I was just curious if I was the only looney car guy that is planning on watching all 39 hours of coverage. I watched all 5 hours last night (probably 3 1/2 with Tivo) I love not having to watch commercials anymore! There was a matching numbers 70 El Camino SS that went for 20K that was a bargin. I have been saying for years that the early 80's trans am and camaro's were going to get expensive soon. A 7800 mile smokey and the bandit trans am went for almost 70K last night! With the 10% buyers premium and the seller paying 8% on each sale they are cleaning up!


----------



## bossloader (Sep 11, 2007)

all 5 for me last night -this morning (dvr) i liked the 69 el cameno and the red pontiac (30s i think) some rel good buys i thought. i did like the truck chopper that took guts to build and drive.


----------



## orvis1 (Sep 7, 2007)

Could you even imagine flooring that thing?

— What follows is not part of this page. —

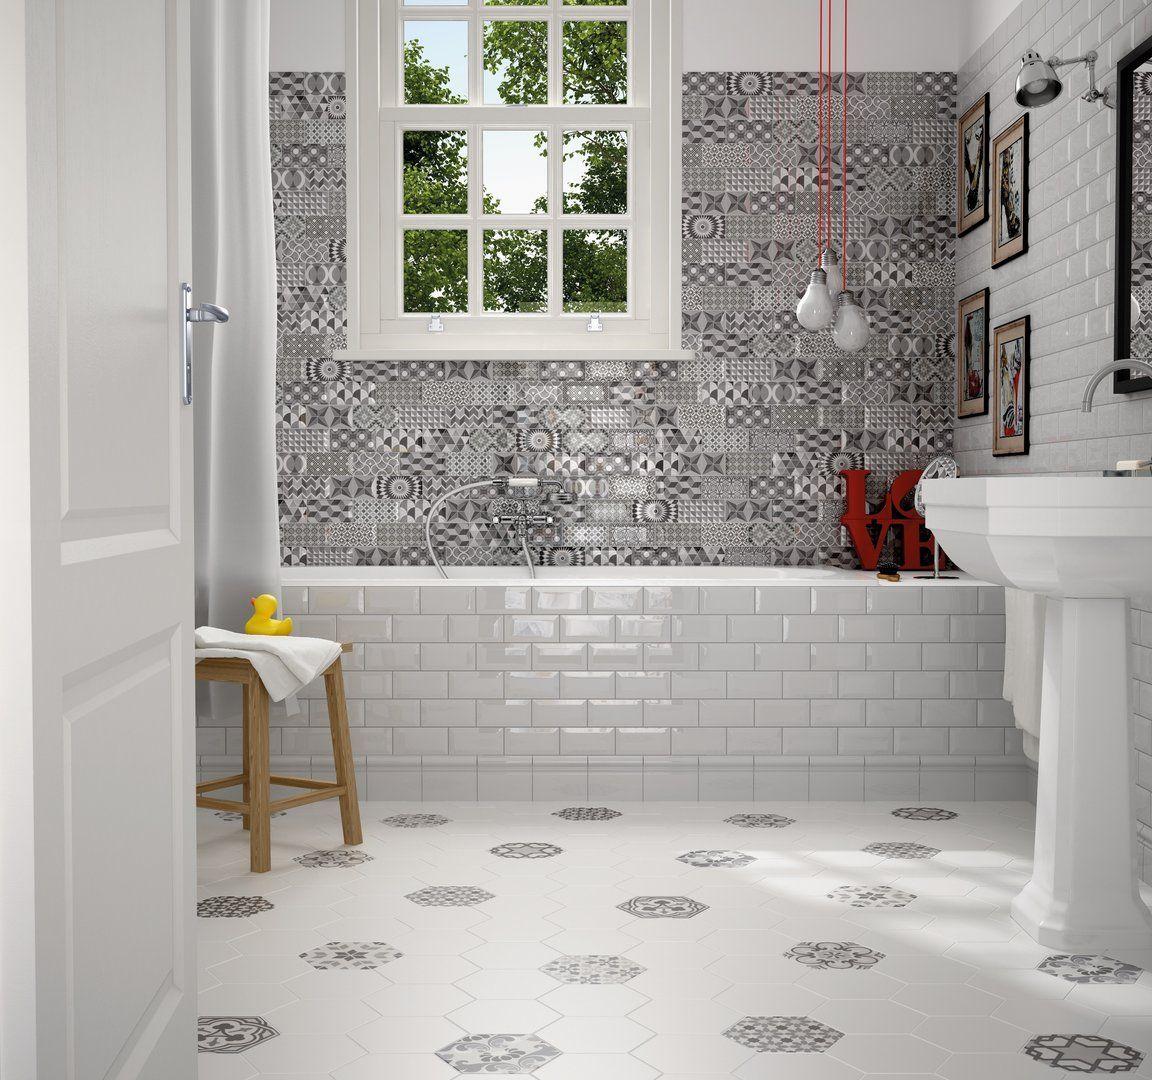 Wandfliese Equipe Metro white glänzend 7,5x15 cm   Designer ...
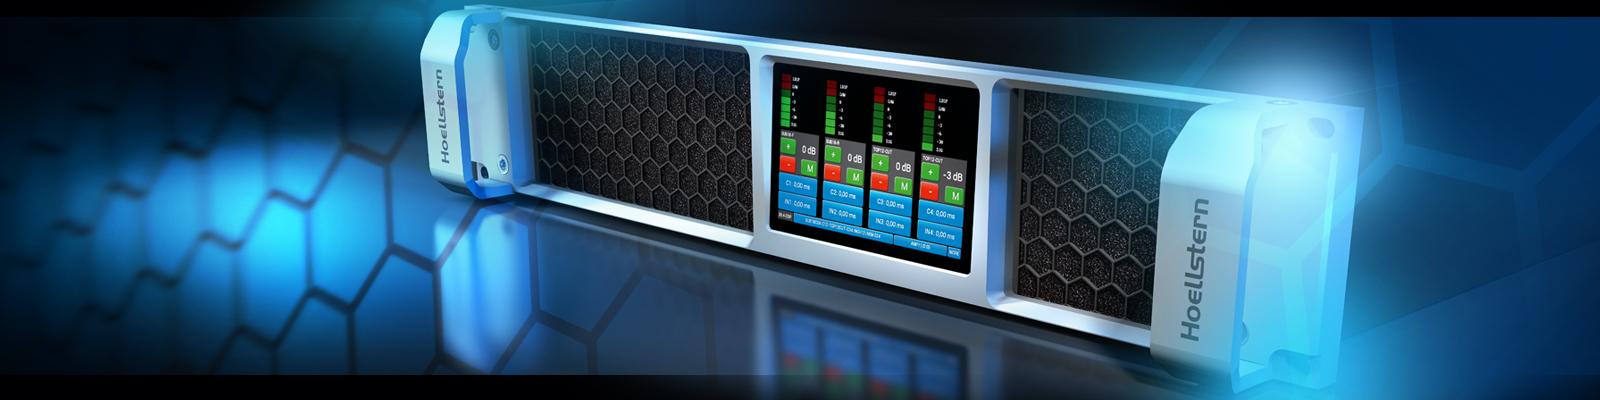 Vermarktung von Audio Equipment

Did you see the size of the pumkin on that trike? I wouldn't have the stones to drive it.... I think I am a resto-mod guy myself. Another 5 hours tonight tick, tick, tick.....


----------



## orvis1 (Sep 7, 2007)

Last nights episode was sort of ho hum, nothing that was to exciting until the last car of the night. It was a 70 chevelle ls6 ss with 51K orginial miles, numbers matching, it was a survivor car. It went for around 50K to much for my blood but box that car for 10 more years and you could triple your investment! I think my wife is already sick of it and I still have 29 more hours of coverage! There is the palm beach one in March, but alot of old 1930's cars I could care less about. Show me some vettes, chevelles, chargers, cuda's, and anything that makes 400 h.p.


----------